▶ [WORK TO BE COMPLETED] With the pictures left out, retype exactly the lines below starting at the line that contains "ee374f2f7f9 Anne Klein" and ending at the line that contains "pin by ruben".
===== WORKING DATA
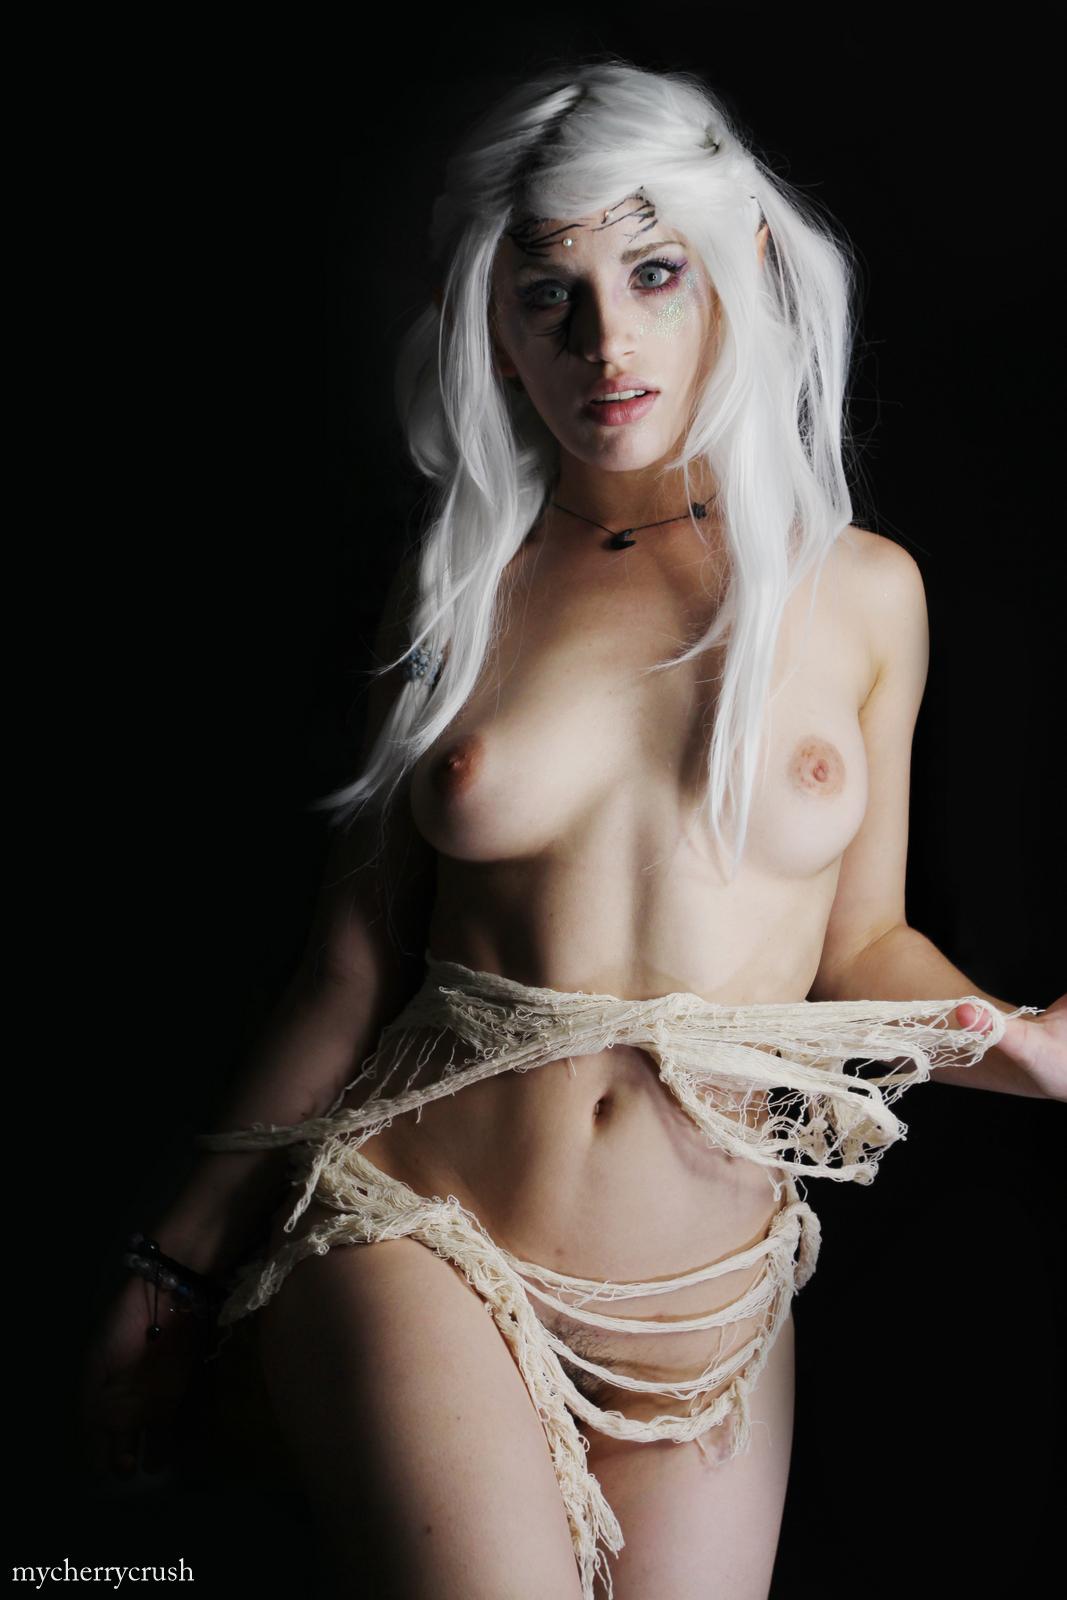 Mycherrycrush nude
==========
===== WORKING DATA
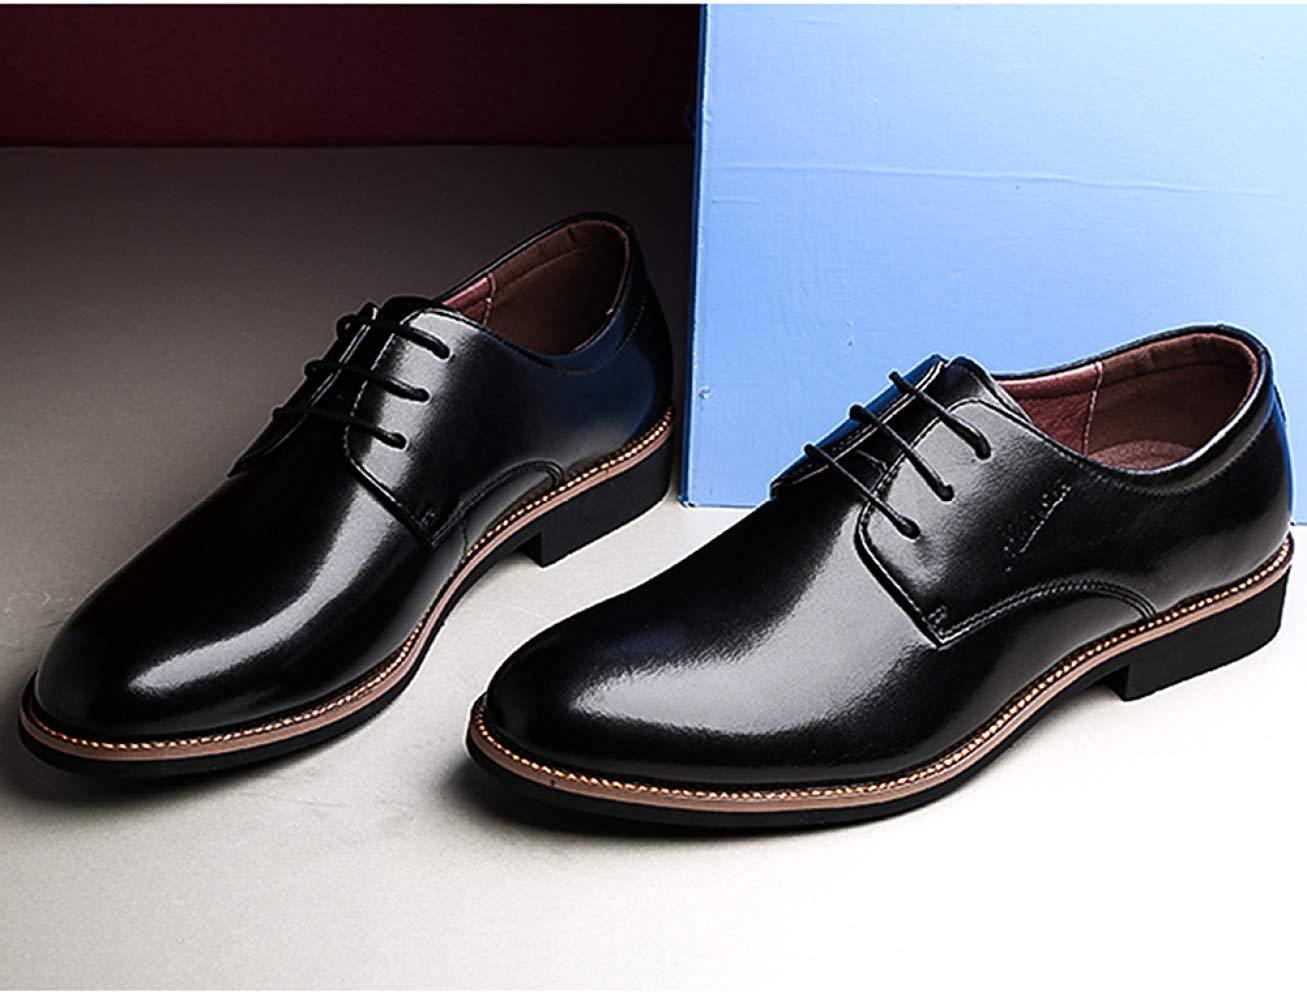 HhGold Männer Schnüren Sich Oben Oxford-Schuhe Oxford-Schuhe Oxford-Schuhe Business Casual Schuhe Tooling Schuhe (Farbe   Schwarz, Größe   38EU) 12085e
==========
===== WORKING DATA
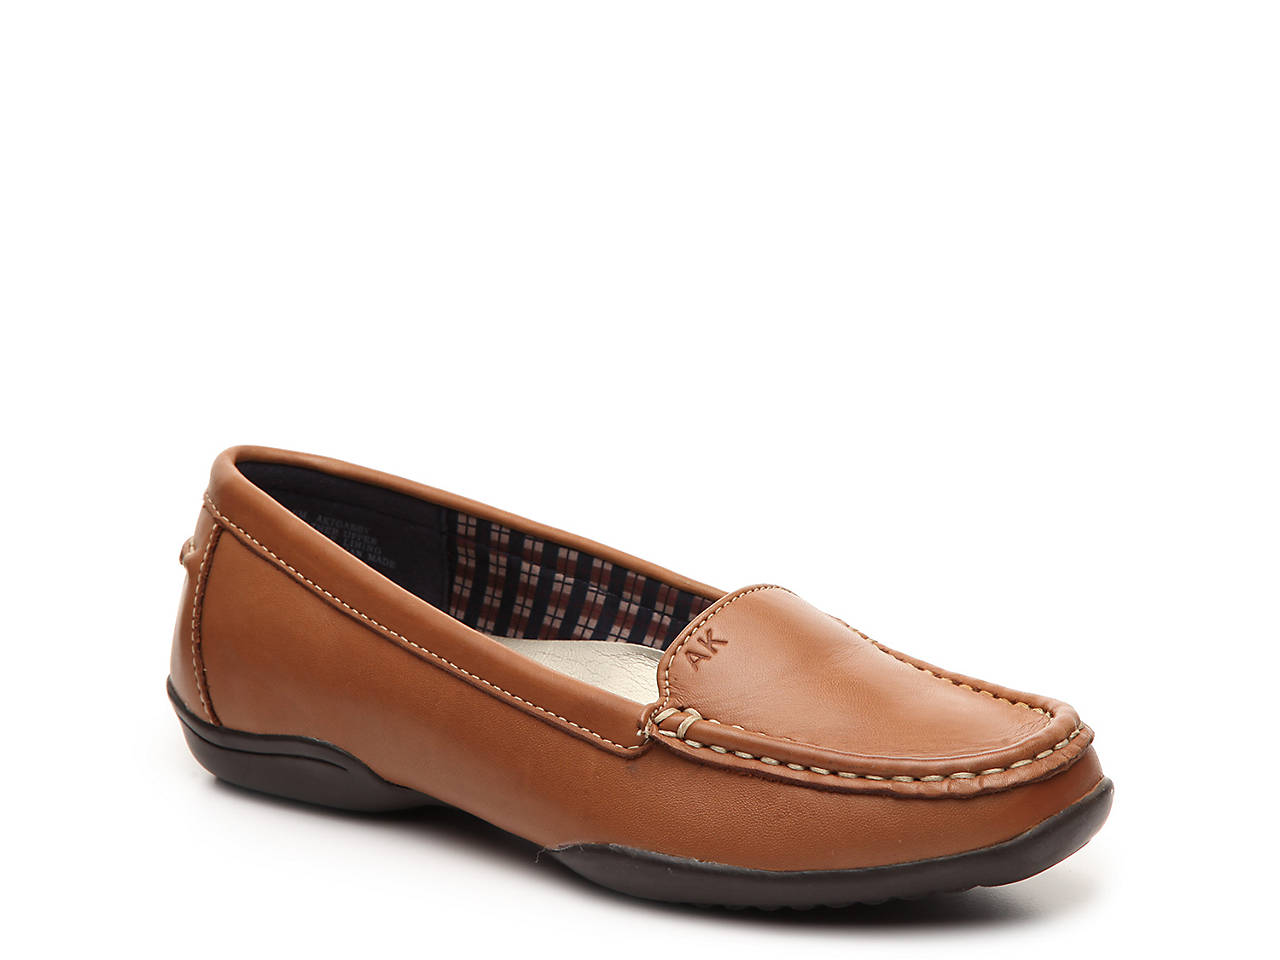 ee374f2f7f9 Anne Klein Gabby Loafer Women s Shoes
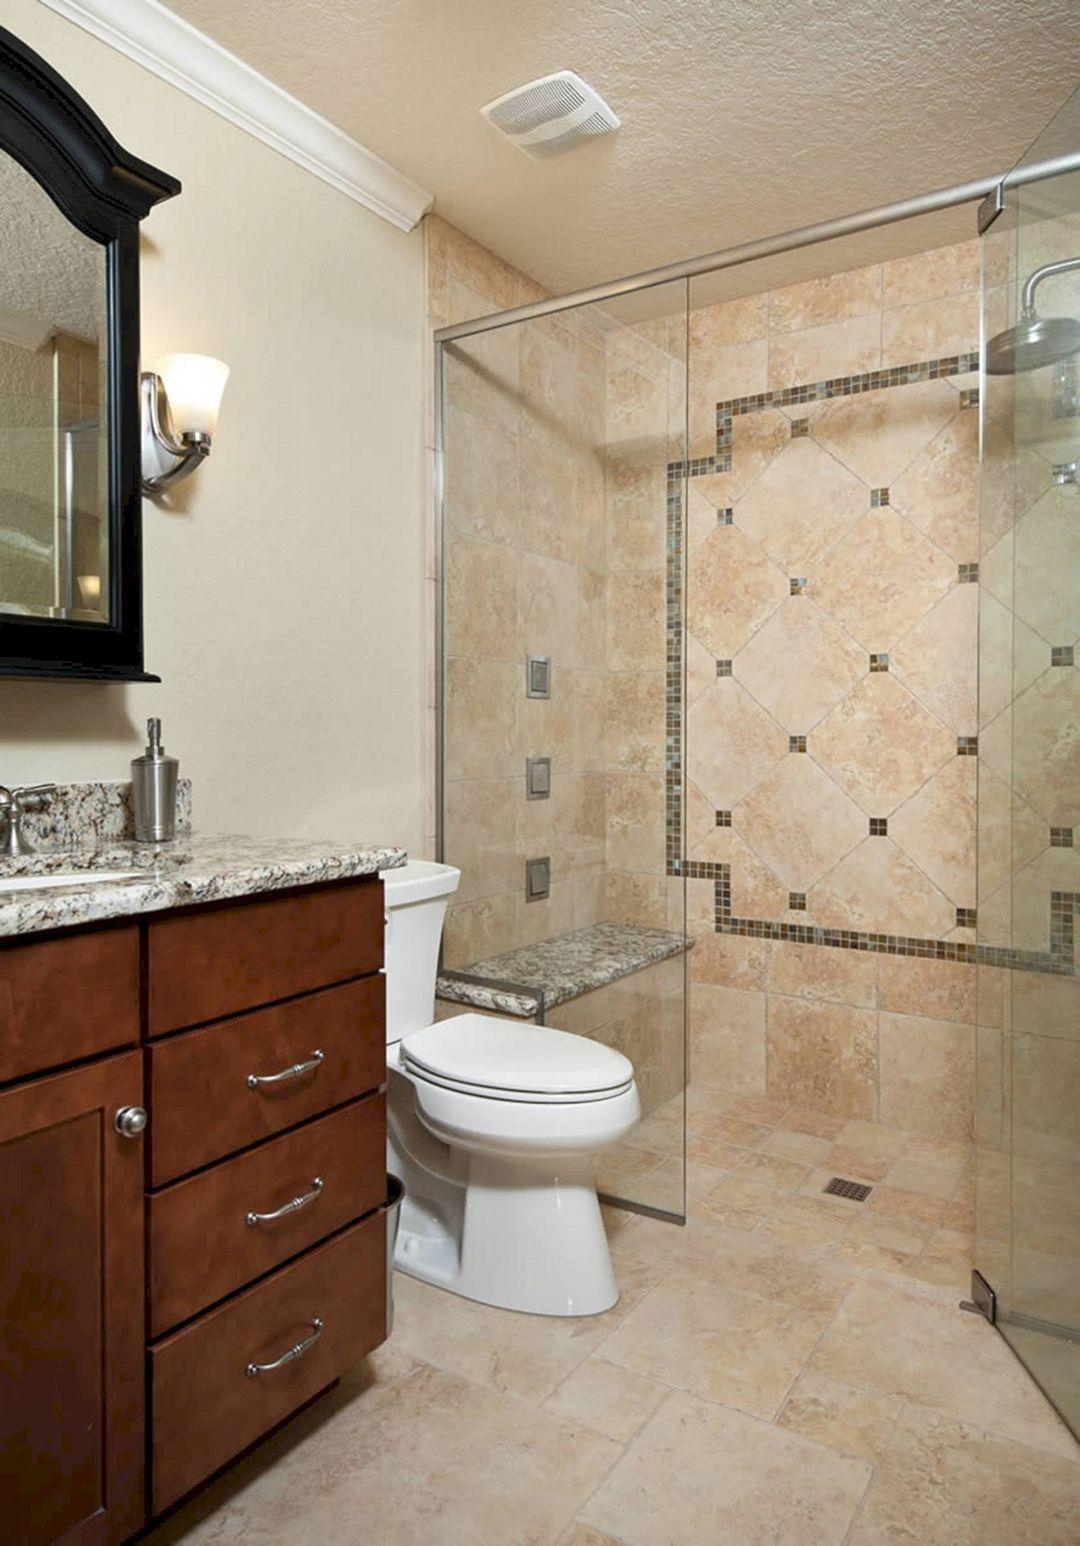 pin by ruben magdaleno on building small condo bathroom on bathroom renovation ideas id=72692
==========
▶ [RESPONSE TO THE EXERCISE]
 ee374f2f7f9 Anne Klein Gabby Loafer Women s Shoes
 pin by ruben magdaleno on building small condo bathroom on bathroom renovation ideas id=72692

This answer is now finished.